Exercise directions: When you write out the listing, keep every word as it stands and drop the pictures.

Given information:
---+---
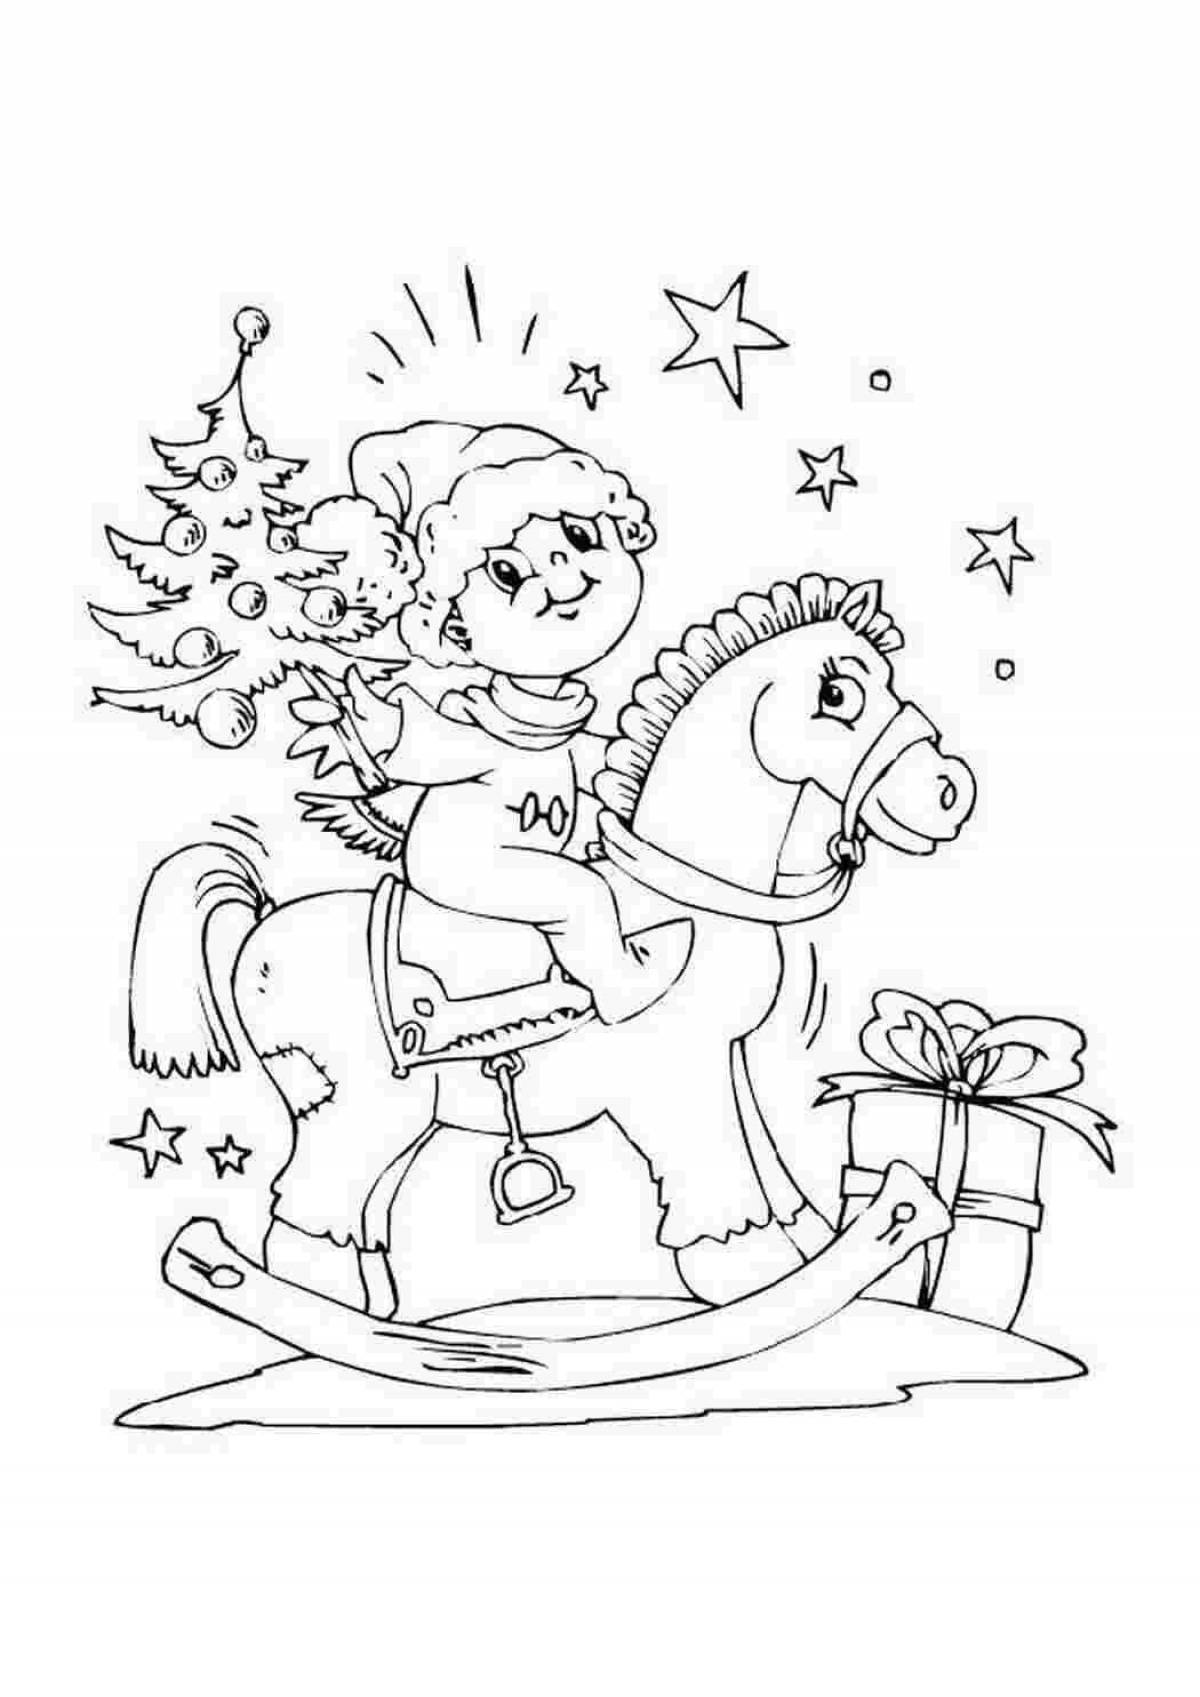 Coloring page beautiful winter horses
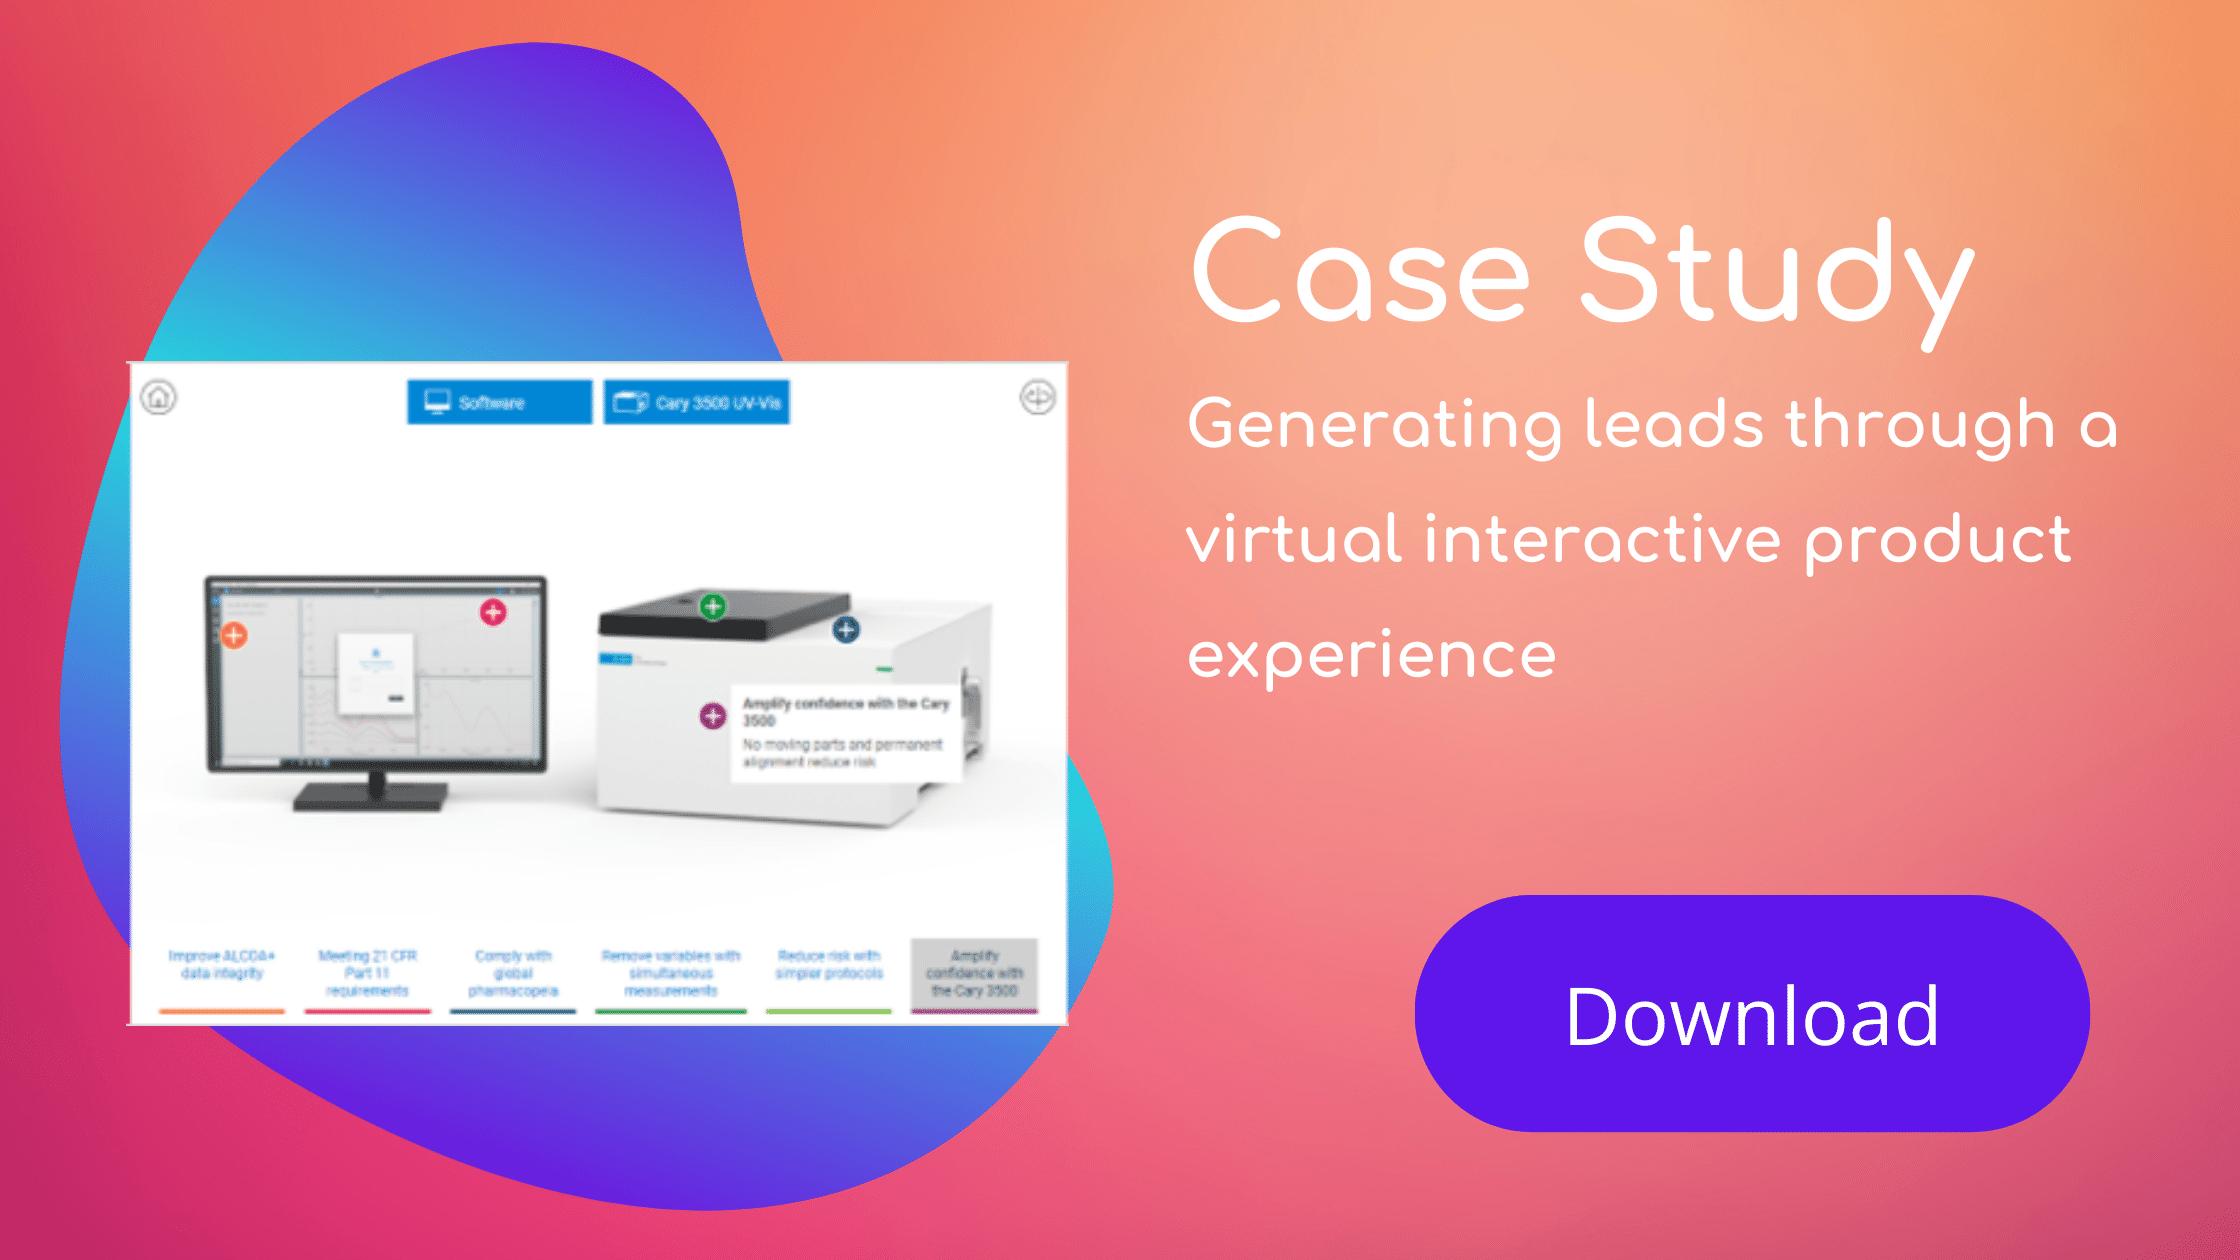 Generating leads through a virtual interactive product experience
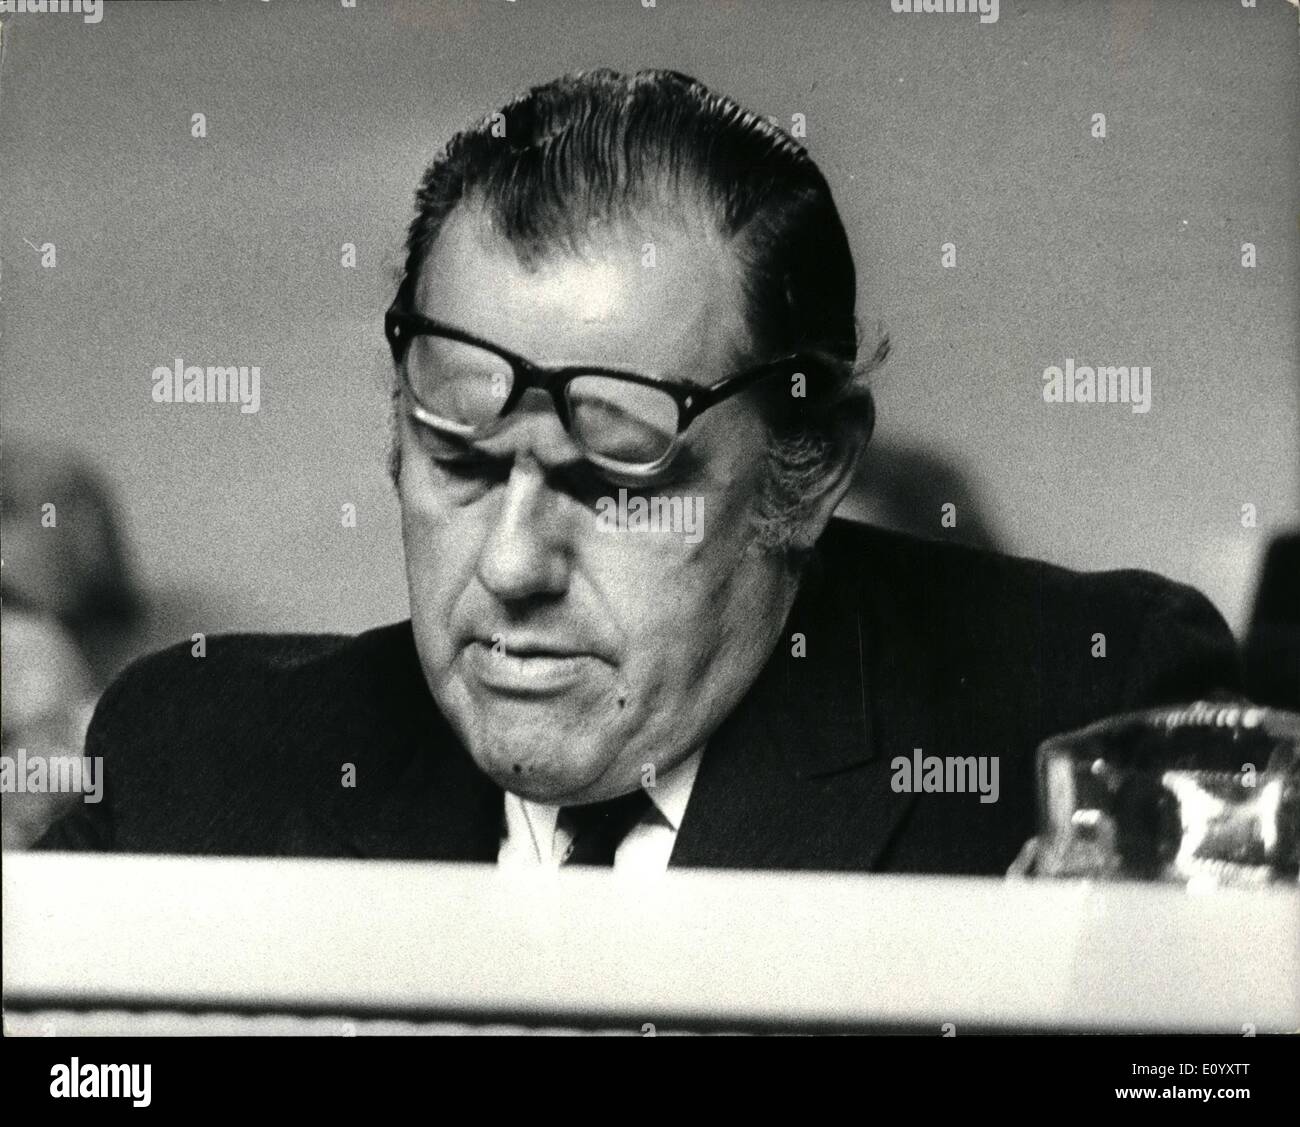 Oct. 10, 1971 - The Conservative Party Conference at Brighton; The conservative party Conferences at Brighton today called for the reintroduction of the death penalty for the murderers of policemen and prison officers. Photo Shows With his spectacles resting on his forsheed Mr. Reginald Maudling, the Home Secretary listens as the Tories demand the return of the death penalty. Stock Photo
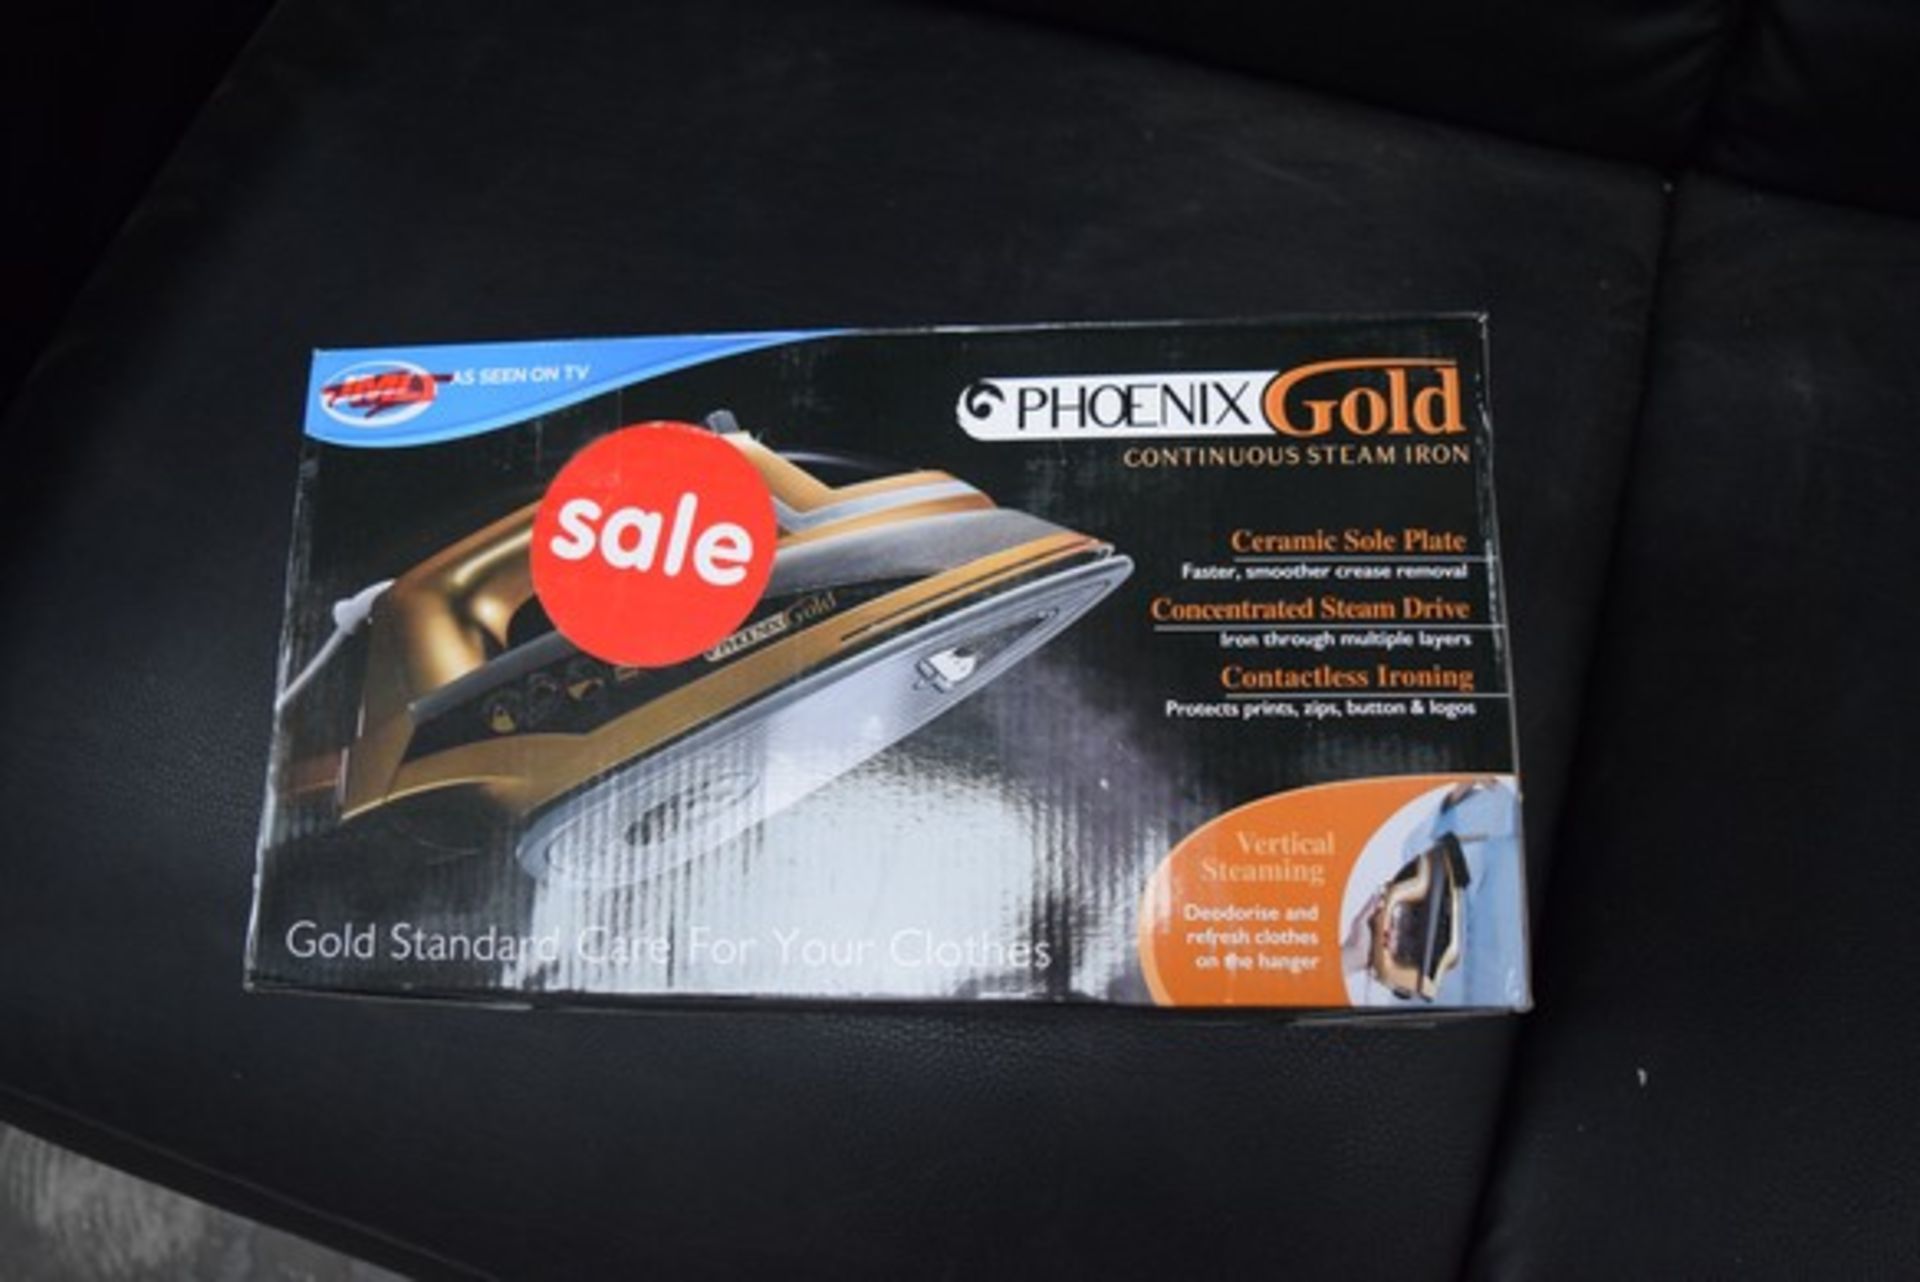 1 x BOXED PHOENIX GOLD CONTINUOUS STEAM IRON RRP £40 10.07.17 *PLEASE NOTE THAT THE BID PRICE IS
---+---
Result:
 Coloring page beautiful winter horses
 Generating leads through a virtual interactive product experience
 Oct. 10, 1971 - The Conservative Party Conference at Brighton; The conservative party Conferences at Brighton today called for the reintroduction of the death penalty for the murderers of policemen and prison officers. Photo Shows With his spectacles resting on his forsheed Mr. Reginald Maudling, the Home Secretary listens as the Tories demand the return of the death penalty. Stock Photo
 1 x BOXED PHOENIX GOLD CONTINUOUS STEAM IRON RRP £40 10.07.17 *PLEASE NOTE THAT THE BID PRICE IS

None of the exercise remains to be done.